*** Opening of Material for this task ***

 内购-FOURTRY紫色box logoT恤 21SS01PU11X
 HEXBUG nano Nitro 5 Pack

*** Close of Material for this task ***
*** Opening of Material for this task ***

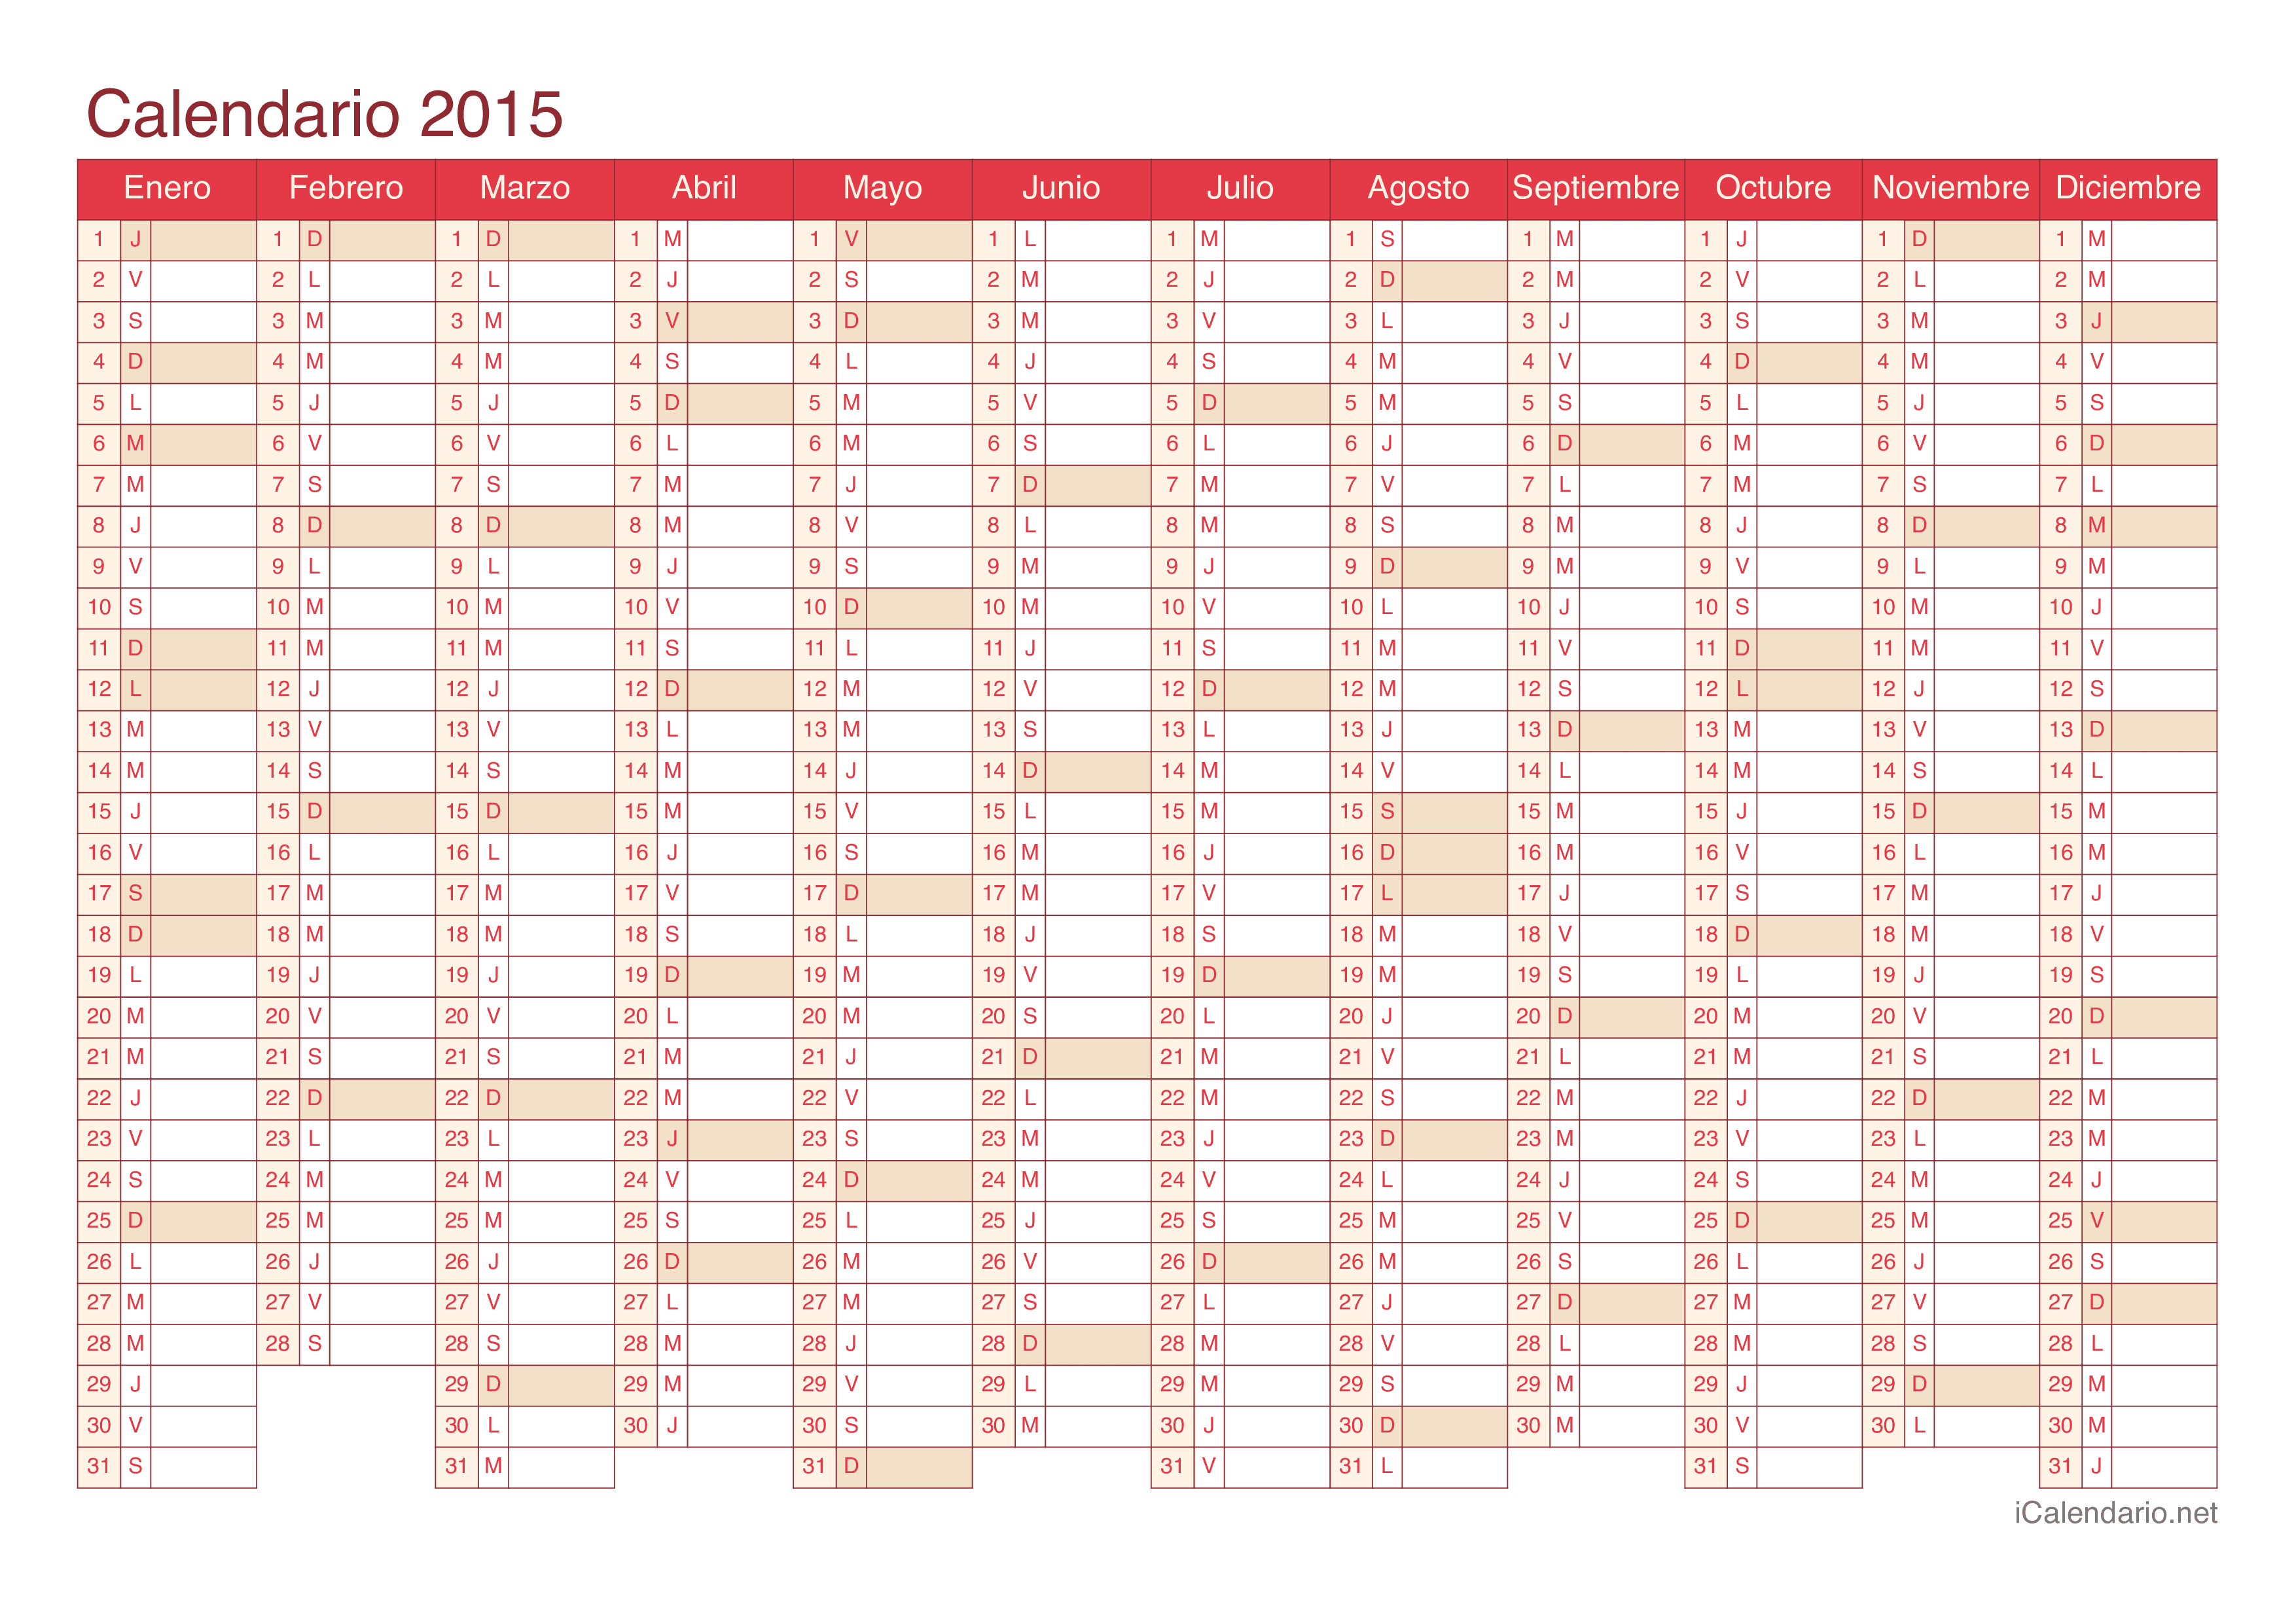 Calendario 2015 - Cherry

*** Close of Material for this task ***

Your task is to retype the entries verbatim, starting with the line that holds "内购-FOURTRY紫色box logoT恤 21SS01PU11X" and stopping after the line that holds "HEXBUG nano Nitro 5 Pack".

 内购-FOURTRY紫色box logoT恤 21SS01PU11X
 HEXBUG nano Nitro 5 Pack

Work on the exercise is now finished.